At a time when mileage driven per person decreases, at a time when public transit, biking and walking are in higher demand than before, at a time when urban density increases, conducting a survey like this shows how backward looking FDOT and its contractors are.

None of these users count for the purposes of FDOT, they are nothing more than zeros in the car-centric universe in which FDOT seems to operate.

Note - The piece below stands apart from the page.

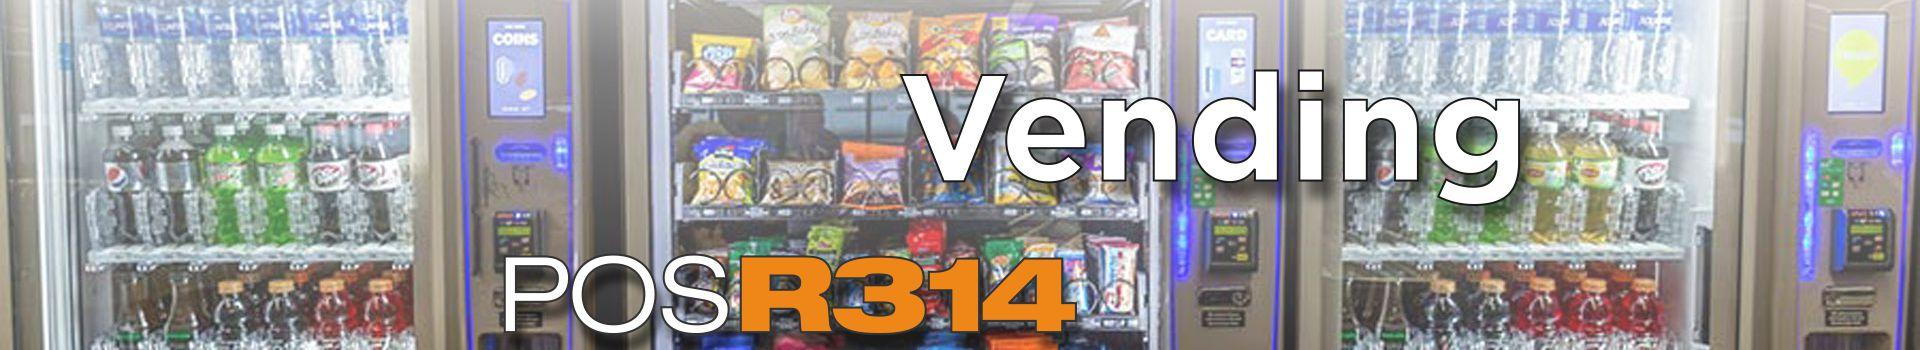 POS R314 - Vending
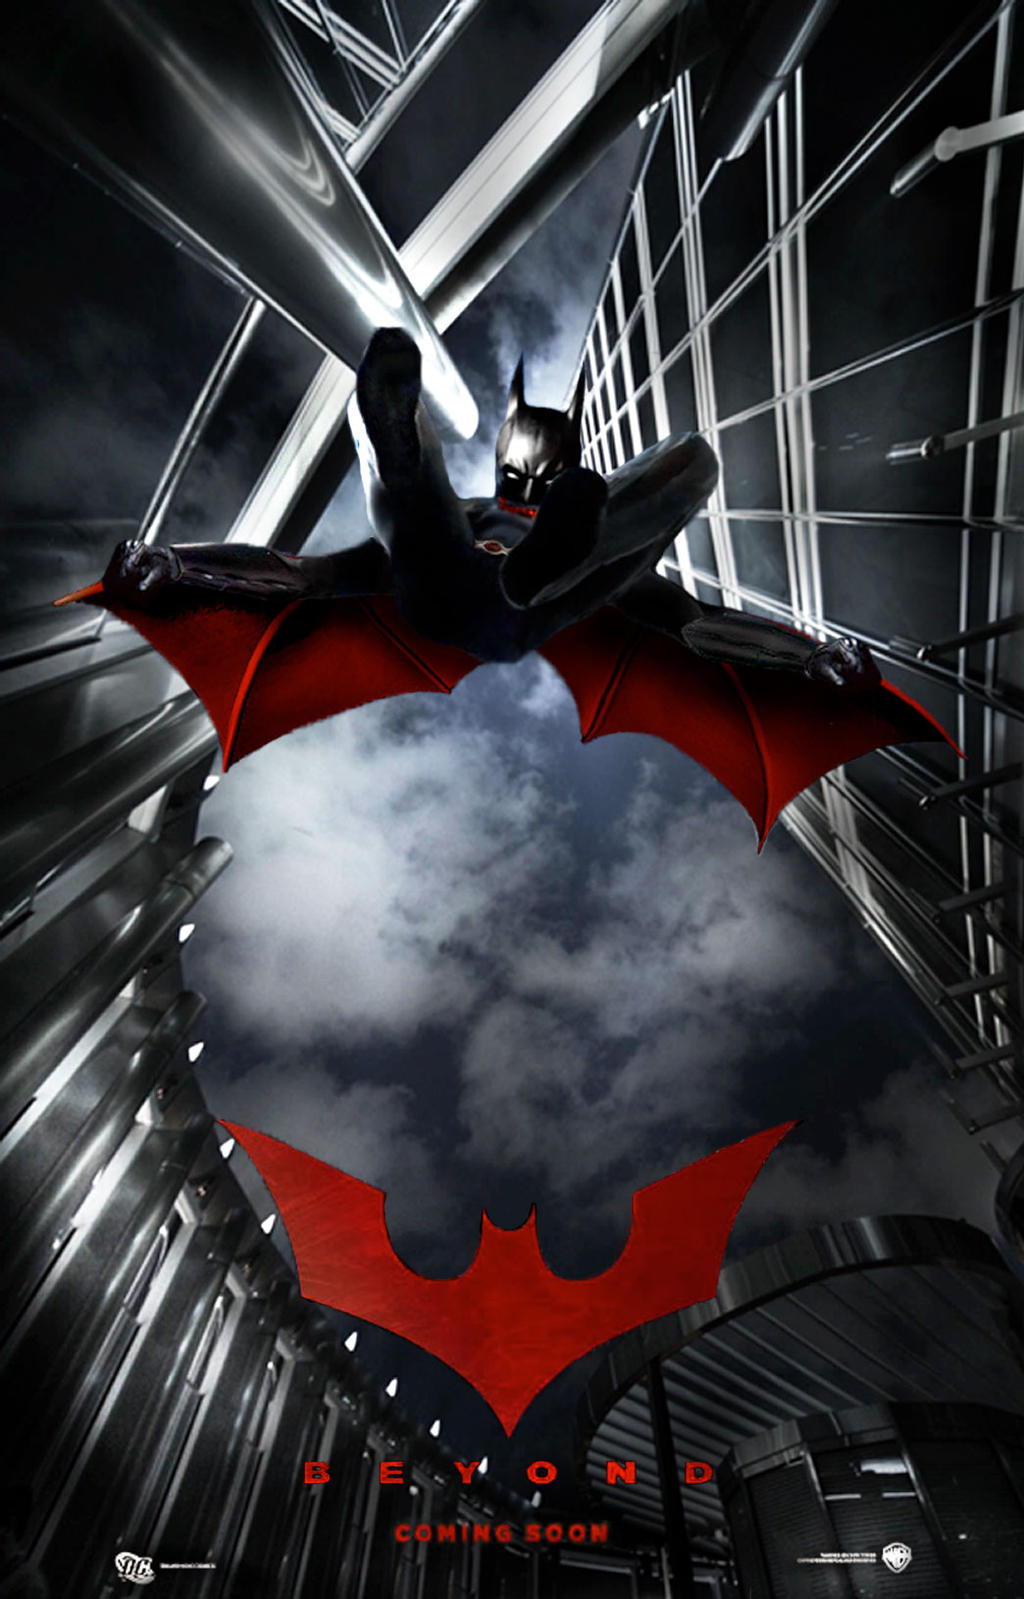 http://fc03.deviantart.net/fs70/i/2012/366/c/f/batman_beyond_live_action_poster__better_version__by_minirifpomsiyu-d5pwqnm.jpg

This could have a number of reasons:

1. The contractor which this task was given to (Gannett Flemming; one can ask whether this not overly complicated task was a good fit for outsourcing, but that is a different question) did not take account of anyone not traveling in cars and had discretion to not include modes of transportation other than cars. This would make Gannett Flemming look bad.

2. FDOT approved this survey as it was handed to them. That would make both FDOT and Gannett Fleming look bad.

3. Gannett Fleming proposed to include modes other than cars, but FDOT decided not to follow through with this. This would make FDOT look bad.

Neither of the options 1.-3. are attractive, but one is likely close to what happened.Conducting such surveys makes sense if they are forward-looking. We are afraid that FDOT missed another chance to change – yet again.

We have contacted Gannett Fleming about this omission of a large portion of commuters and are waiting for their reply. We will keep you posted on whether, and if so how, they respond.

Worst Sign Ever? Fixed by Miami-Dade County.

Miami-Dade County is ON this week. County Public Works’ Jeff Cohen told a packed crowd at Green Mobility Network’s first annual Safe Streets Forum that “nothing is off the table” when it comes to making the Rickenbacker safer for people who ride including designating a full right lane to exclusive bicycle use on Saturday mornings. But, earlier in the week, we saw this sign as we were going for an evening ride on the Venetian Causeway and it really, um, irritated us. The issue had been brought up at the previous week’s BPAC meeting, but the signs were still flashing this four days later:

Seen on the Venetian Causeway (no more)

So we called Miami-Dade County’s Causeways Division and now those same signs read “CAUTION UNEVEN PAVEMENT; YIELD TO PED/BIKES”. One may still need to be fixed as we post this, but we have been told that the wording will be switched as well.

Is it frustrating that we had to report this? Sure – but it got fixed quickly once the message reached the right person. We are happy to be a part of that and hope you, too, will take a moment to call 311 and/or your commissioner whenever you see something that makes cycling unsafe (or at least most of the time).

Thanks for all you do.

PS: You can cc: us whenever you email a commissioner if we can help track the progress.